6. Par un arrêt du 22 novembre 2018 Sofina SA (C-575/17), la Cour de justice de l’Union européenne, saisie à titre préjudiciel par le Conseil d’État, a dit pour droit que les articles 63 et 65 du traité sur le fonctionnement de l’Union européenne doivent être interprétés en ce sens qu’ils s’opposent à une réglementation d’un État membre en vertu de laquelle les dividendes distribués par une société résidente font l’objet d’une retenue à la source lorsqu’ils sont perçus par une société non-résidente, alors que, lorsqu’ils sont perçus par une société résidente, leur imposition selon le régime de droit commun de l’impôt sur les sociétés ne se réalise à la fin de l’exercice au cours duquel ils ont été perçus qu’à la condition que le résultat de cette société ait été bénéficiaire durant cet exercice, une telle imposition pouvant, le cas échéant, ne jamais intervenir si ladite société cesse ses activités sans avoir atteint un résultat bénéficiaire depuis la perception de ces dividendes.

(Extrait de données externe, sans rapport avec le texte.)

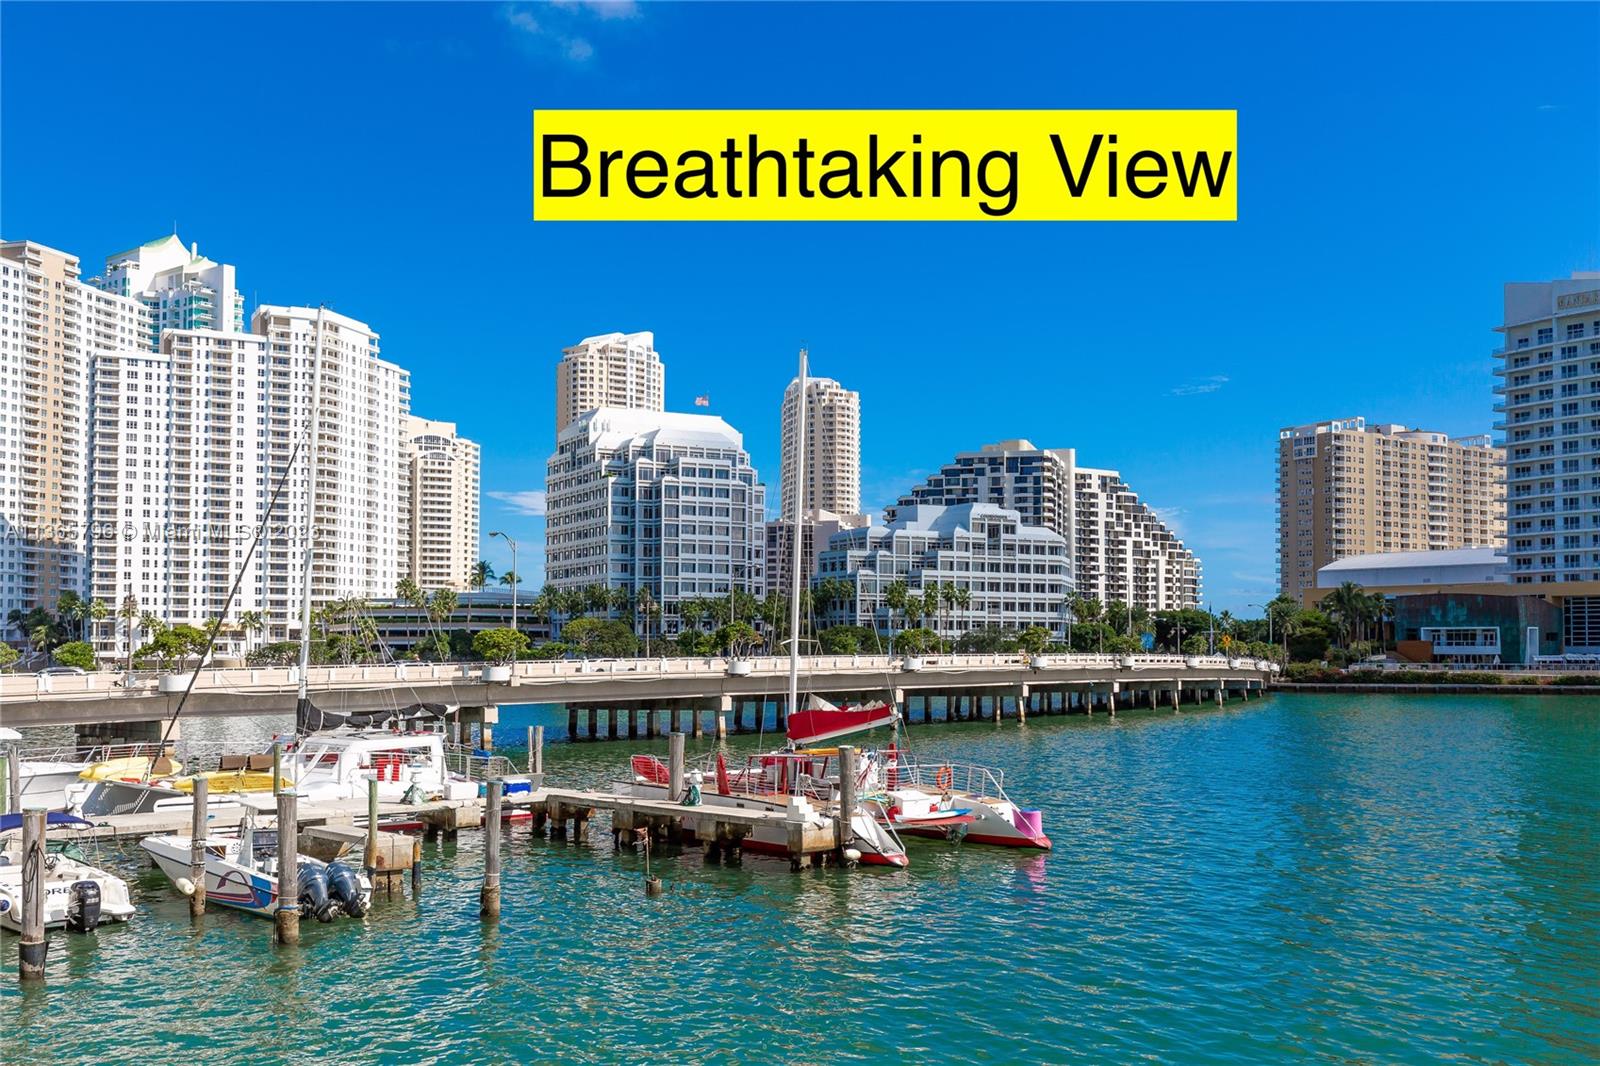 Lovely Penthouse in the hearth of Brickell.Enjoy the breathtaking view. Location, Location.Living in the middle of Brickell next to the restaurants/lounge. Walking distance next to Brickell City Centre Mall. Close to Mary City,American Airline, Key Biscayne and Miami Beach area.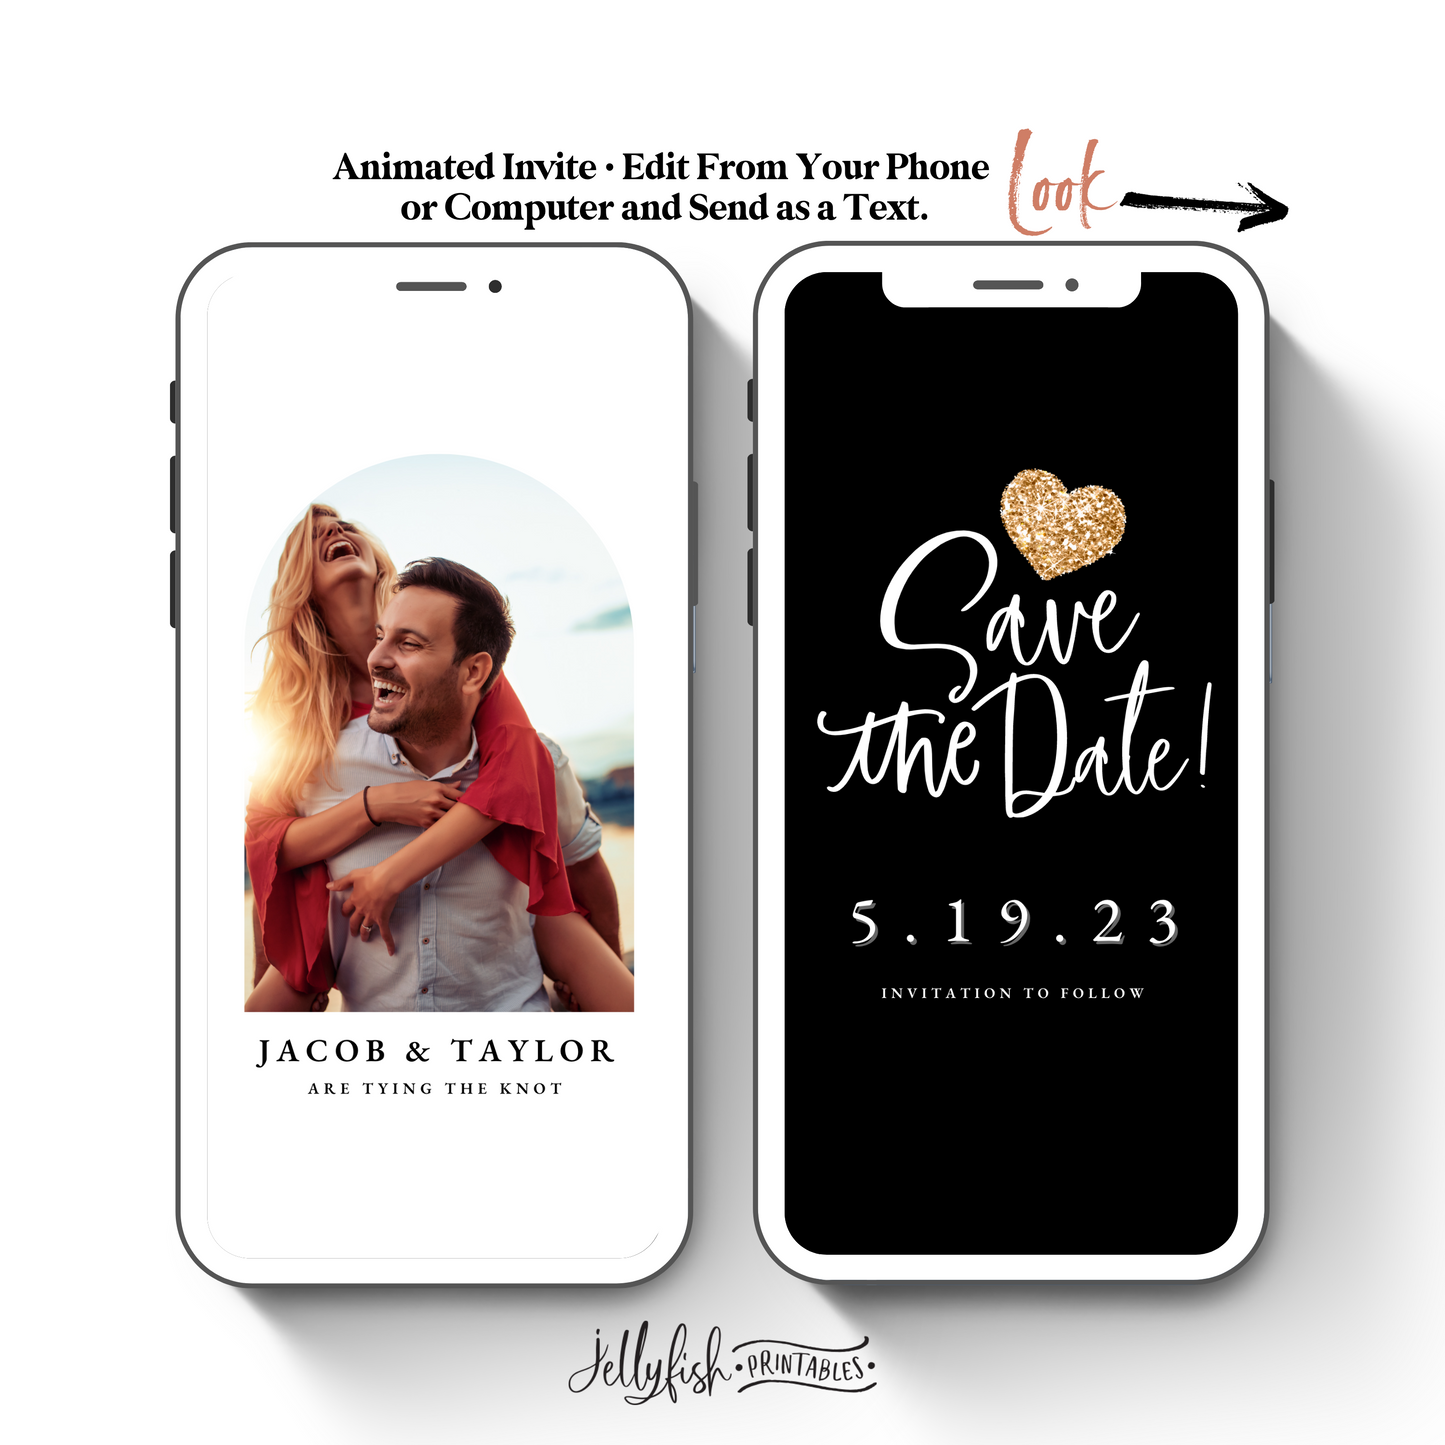 Gold Heart Wedding Save the Date Canva Template. Send Today!

7. Il résulte de ce qui précède que le droit de l’Union européenne fait obstacle à ce qu’en application des dispositions du 2 de l’article 119 bis du code général des impôts, une retenue à la source soit prélevée sur les dividendes perçus par une société non-résidente qui se trouve, au regard de la législation fiscale de son Etat de résidence, en situation déficitaire.
8. La société holding Savana soutient qu’en application de ces principes, les revenus distribués à la société hôtelière du Lido ne pouvaient faire l’objet d’une retenue à la source dès lors qu’elle se trouvait, en 2014 et 2015 dans une situation déficitaire. L’administration fiscale ne le conteste pas en défense et il résulte de l’instruction, et notamment des déclarations fiscales 2014 et 2015 de cette société, sur lesquelles un tampon indique qu’elles ont été enregistrées par l’administration fiscale sénégalaise, que la société hôtelière du Lido se trouvait dans une situation déficitaire à la fin de l’exercice clos en 2014 et que son résultat était nul en 2015. Dès lors, il résulte de ce qui a été dit aux points précédents que la société holding Savana est fondée à prétendre à la décharge des retenues à la source dont ont fait l’objet les distributions versées à la société hôtelière du Lido en 2014 et 2015.
Sur les frais liés à l’instance :
9. Dans les circonstances de l’espèce, il n’y a pas lieu de faire droit aux conclusions de la société Holding Savana, au demeurant non chiffrées, présentées sur le fondement des dispositions de l’article L. 761-1 du code de justice administrative.
D E C I D E :
Article 1er : La société holding Savana est déchargée des cotisations supplémentaires de retenue à la source mises sa charge au titre des années 2014 et 2015.
Article 2 : Le surplus des conclusions de la requête est rejeté.
Article 3 : Le présent jugement sera notifié à la société holding Savana et au directeur régional des finances publiques d’Ile-de-France et de Paris, pôle juridictionnel administratif.
Délibéré après l’audience du 30 mai 2023, à laquelle siégeaient :
Mme Evgénas, présidente,
Mme Laforêt, première conseillère,
M. Halard, premier conseiller.
Rendu public par mise à disposition au greffe le 13 juin 2023.
La rapporteure,
L. Laforêt
La présidente,
J. Evgénas
La greffière,
M-C. Pochot
La République mande et ordonne au ministre de l’économie, des finances et de la souveraineté industrielle et numérique en ce qui le concerne ou à tous commissaires de justice à ce requis en ce qui concerne les voies de droit commun contre les parties privées, de pourvoir à l’exécution de la présente décision.